Sesungguhnya musik tidaklah memiliki hukum. Ia seperti kicauan burung, deru mobil, derit pintu, suara gelas kaca yang pecah, atau gemeretak hati yang patah karena cinta. Hukumnya timbul bersama akibat yang datang bersembari atau seusai mendendangkan atau mendengarkannya.
Jika musik dipaksa untuk dihukumi. Maka hukumnya mubah. Al-Ashlu fī al-Mu’āmalah al-Ibāhah. Illā Mā Dalla Dalīlun ‘alā Tahrīmihā.
Memang, ada Hadis yang seolah menyinggung keharaman musik. Seperti, “Akan datang masanya, orang-orang menghalalkan khamer, zina, dan ‘alat-alat’ musik.”
Ya.
Khamer haram. Karena memabukkan. Yang bukan khamer juga haram jika memabukkan. Seperti narkoba, ganja, atau senyuman manis dari bibir merahmu. Dan khamer yang sudah tidak memabukkan, maka tidak lagi haram. (Yakni ketika sudah menjadi cuka).
Memasukkan penis pada vagina perempuan itu haram, karena mampu mengakibatkan rusaknya nasab dan menyebabkan beragam penyakit, termasuk gangguan psikologis. Tapi jika sudah melalui pernikahan, maka tidak lagi haram.

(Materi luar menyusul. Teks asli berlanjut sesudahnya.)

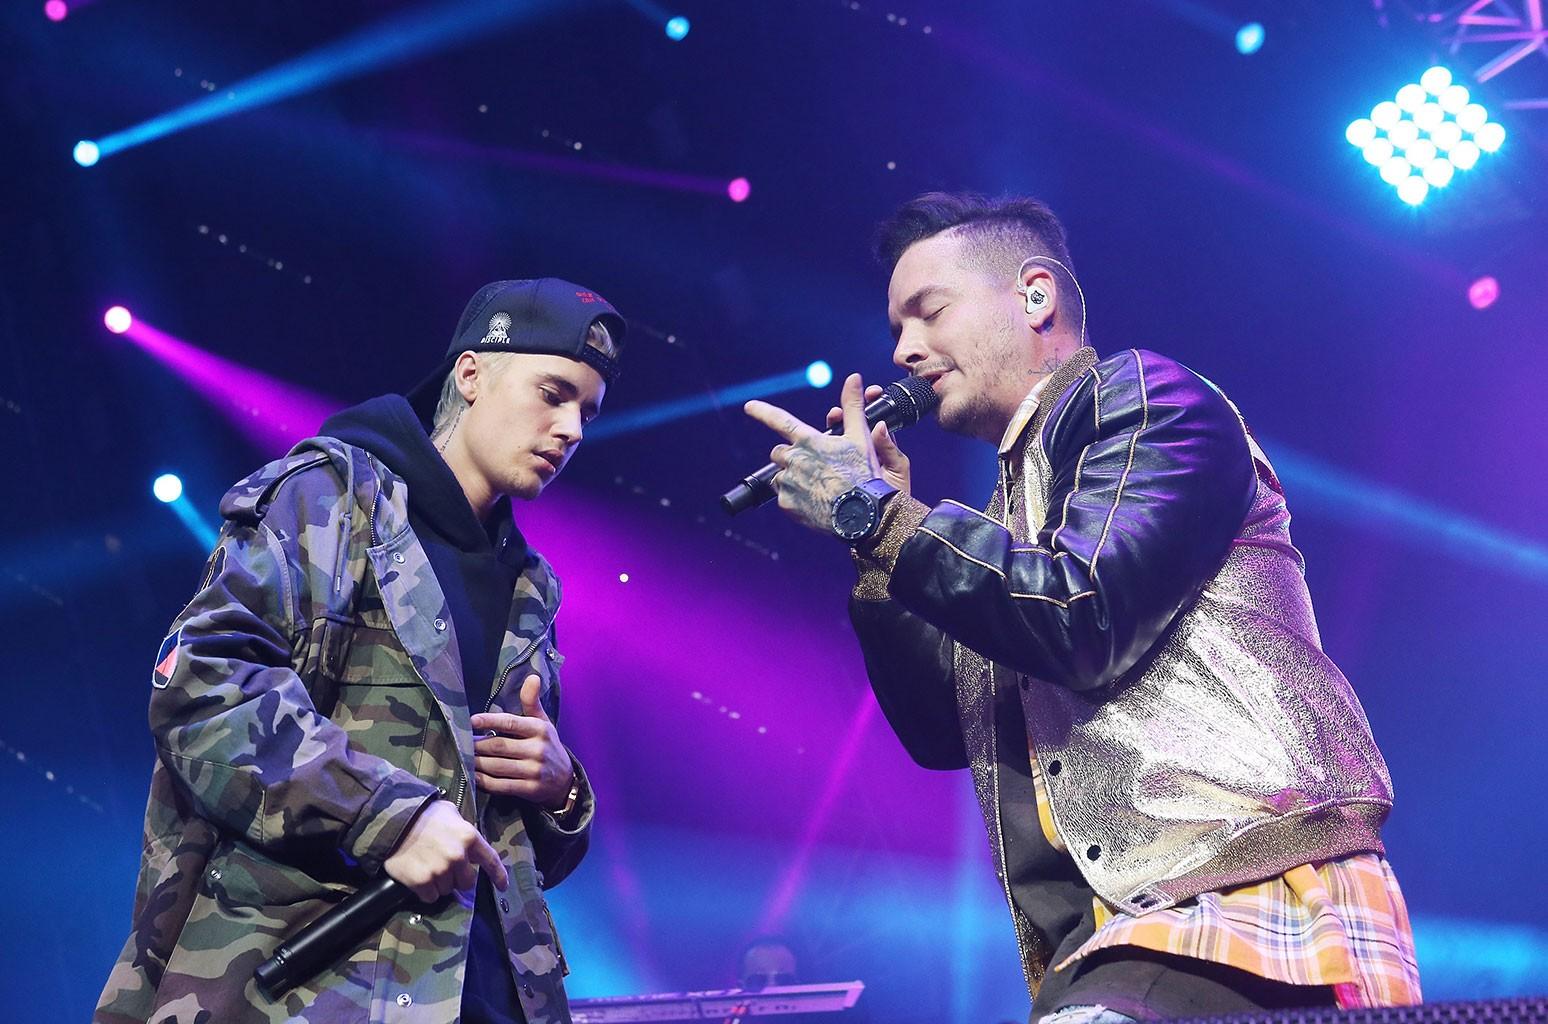 Justin Bieber and J Balvin

Musik juga bisa haram, karena berpotensi menjerumuskan maksiat dan kelalaian. Tapi jika digunakan untuk mengiringi selawat, memuji Tuhan, pengiring belajar, pengantar tidur, menyegarkan otak, atau sesuatu yang bermanfaat lainnya, maka keharamannya pun hilang.
Ketika tujuh pemuda dikejar oleh pemerintah yang zalim, mereka bersembunyi di dalam gua. Lalu Allah memutar musik untuk mereka agar tertidur dengan nyenyak. Selama tiga ratus tahun. Mereka adalah Ashabul Kahfi yang kisahnya diterakan dalam kitab suci.
Orang yang hidupnya mulia, akan mampu merasakan keindahan-keindahan hidup, keindahan-keindahan takdir. Saat ada vokalis hadrah yang njungkel dalam koreografinya atau penabuh bas yang nggeblak, mereka akan merasakan keindahannya.
Orang yang hidupnya penuh kebencian, akan tersenyum sesisi sambil nyinyir, “Inikah yang mereka persembahkan pada Tuhan? Cuih!”
Orang yang hatinya suci, saat melihat pengamen menghampirinya, akan datang padanya rasa iba, lalu memberi sebagian harta yang dititipkan Tuhan untuknya.
Orang yang hatinya buruk, kotor, dan bernanah, saat dihampiri pengamen, wajahnya akan membiru penuh murka, lalu ia mengeluarkan nasihat-nasihat agama yang bukan pada tempatnya. “Musik itu haram. Qola Tangala. Qola Mokammat.”, “Musik haram!”, “Masih muda sudah meminta-minta.”, “Neraka!!!”.
Ya Akhi Fillah, larangan meminta-minta itu untuk peminta. Perintah memberi itu untuk pemberi. Jangan dibalik-balik.
Mereka sudah mempermalukan diri dengan meminta-minta–jika engkau bersikukuh mengatakan pengamen adalah peminta-minta–maka jangan lagi kaupermalukan ia dengan jidat hitam dan jenggot berantakanmu yang menutupi kedangkalan otakmu.
Mereka menyuguhkanmu dengan keindahan musik, tapi kau membalasnya dengan kotoran yang kaubungkus dengan agama.
Jika mereka berhenti menjadi pengamen karena rasa malu lalu berpindah profesi jadi pencuri atau perampok piye jal?
TAHUKAH ANDA?
Pejabat yang korupsi itu, mereka tidak suka musik. Saat menjalankan aksinya, semua musik dimatikan. Sunyi. Dan tiba-tiba harta negara lenyap begitu saja.